• [WHAT THIS TASK INVOLVES]: Starting at the line that contains "Samhörande nr 37538-40, telefon, hörtelefon, väska.", write out each line exactly through the last one in the material below, and nothing more; omit all pictures.

BEGIN PROVIDED MATERIAL

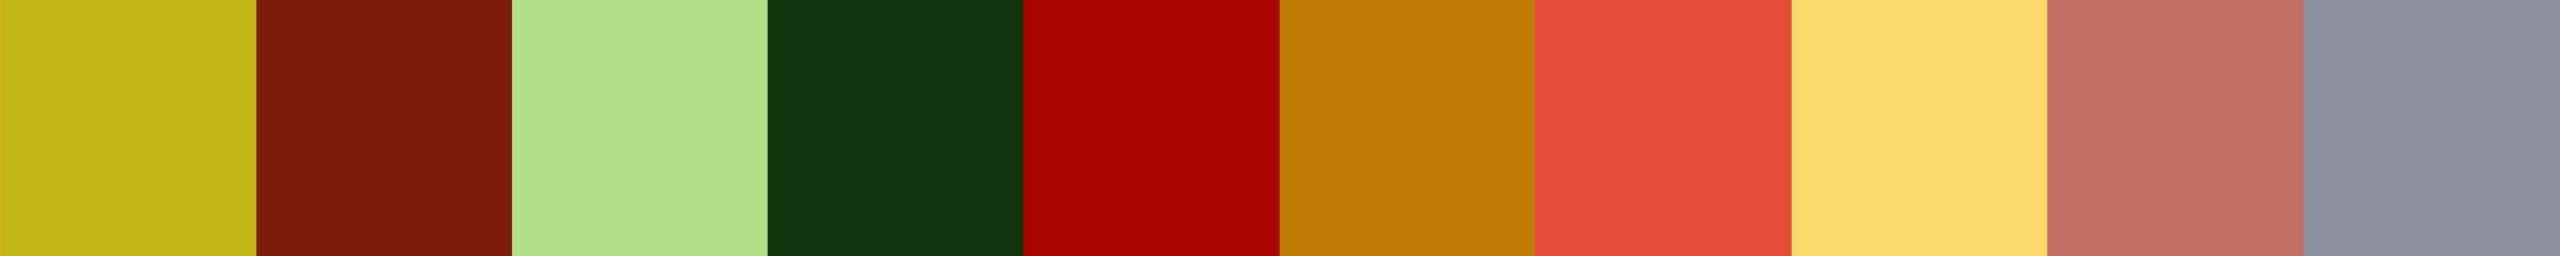 731 Brejofirata Color Palette
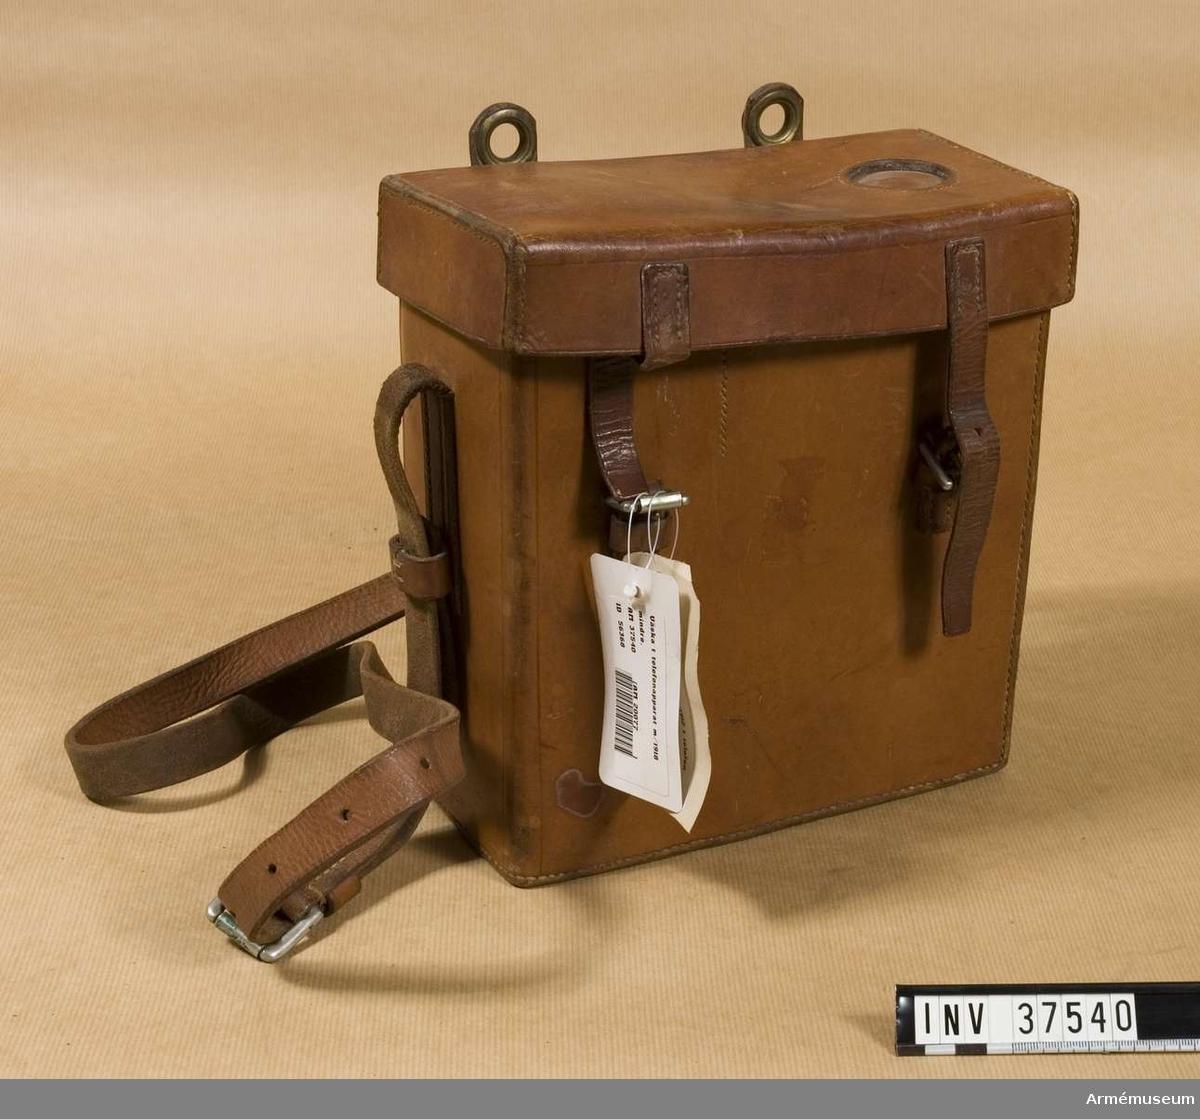 Samhörande nr 37538-40, telefon, hörtelefon, väska. Väska till telefonapparat m/1918 mindre. Grupp H I.
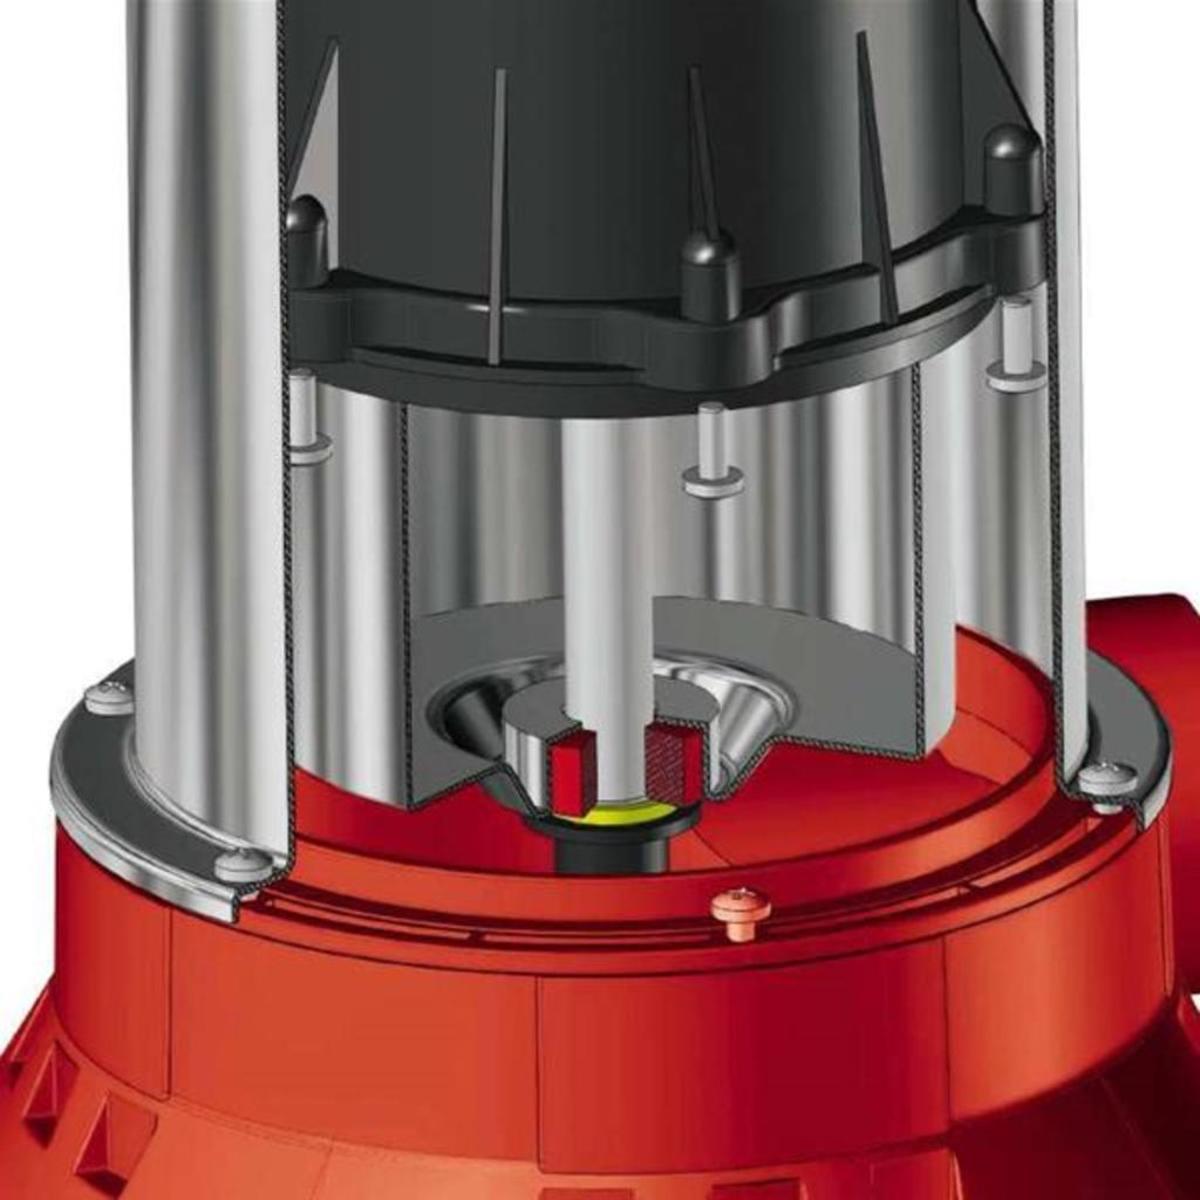 Bild 3 von Einhell Schmutzwasserpumpe GC-DP 1020 N, Leistung 1000 Watt, Fördermenge max. 18000 l/h, Förderhöhe max. 9 m, 4170773
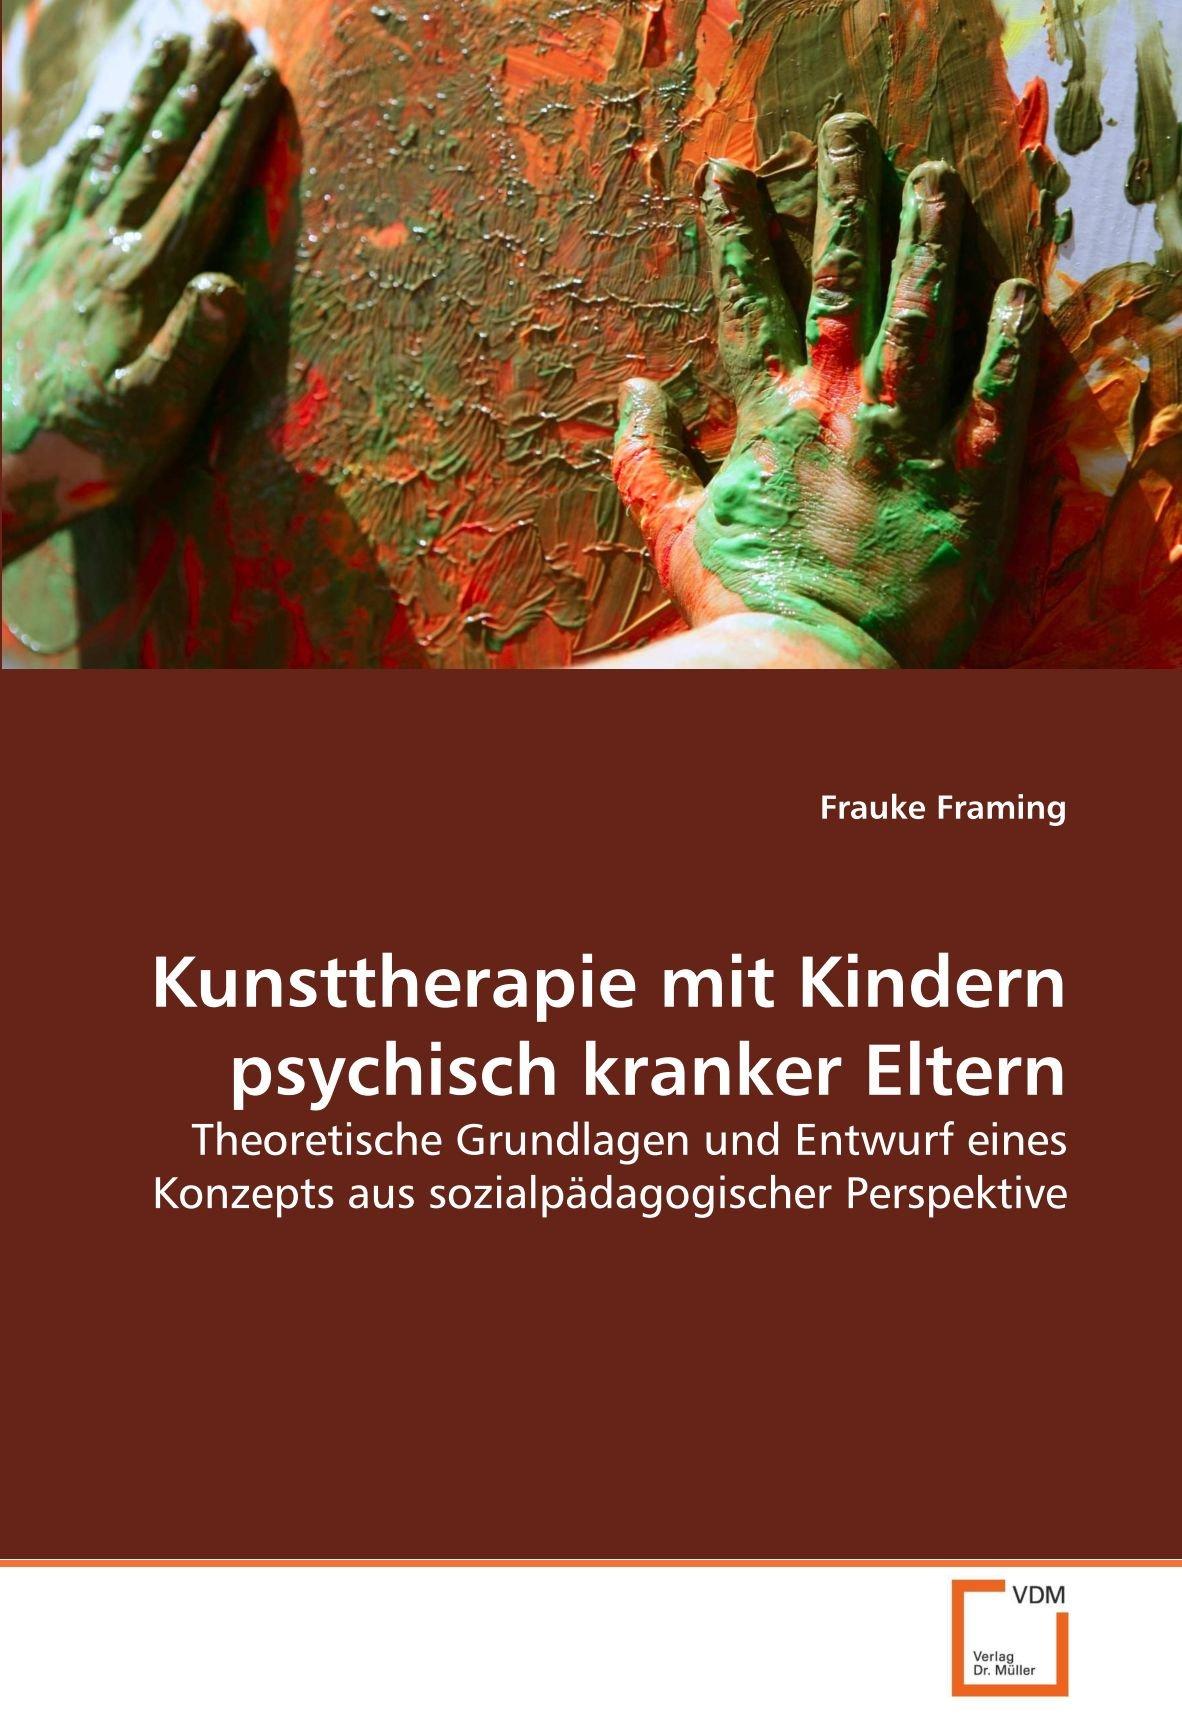 Kunsttherapie mit Kindern psychisch kranker Eltern: Theoretische ...

END PROVIDED MATERIAL

• [RESULT]:
 Samhörande nr 37538-40, telefon, hörtelefon, väska. Väska till telefonapparat m/1918 mindre. Grupp H I.
 Bild 3 von Einhell Schmutzwasserpumpe GC-DP 1020 N, Leistung 1000 Watt, Fördermenge max. 18000 l/h, Förderhöhe max. 9 m, 4170773
 Kunsttherapie mit Kindern psychisch kranker Eltern: Theoretische ...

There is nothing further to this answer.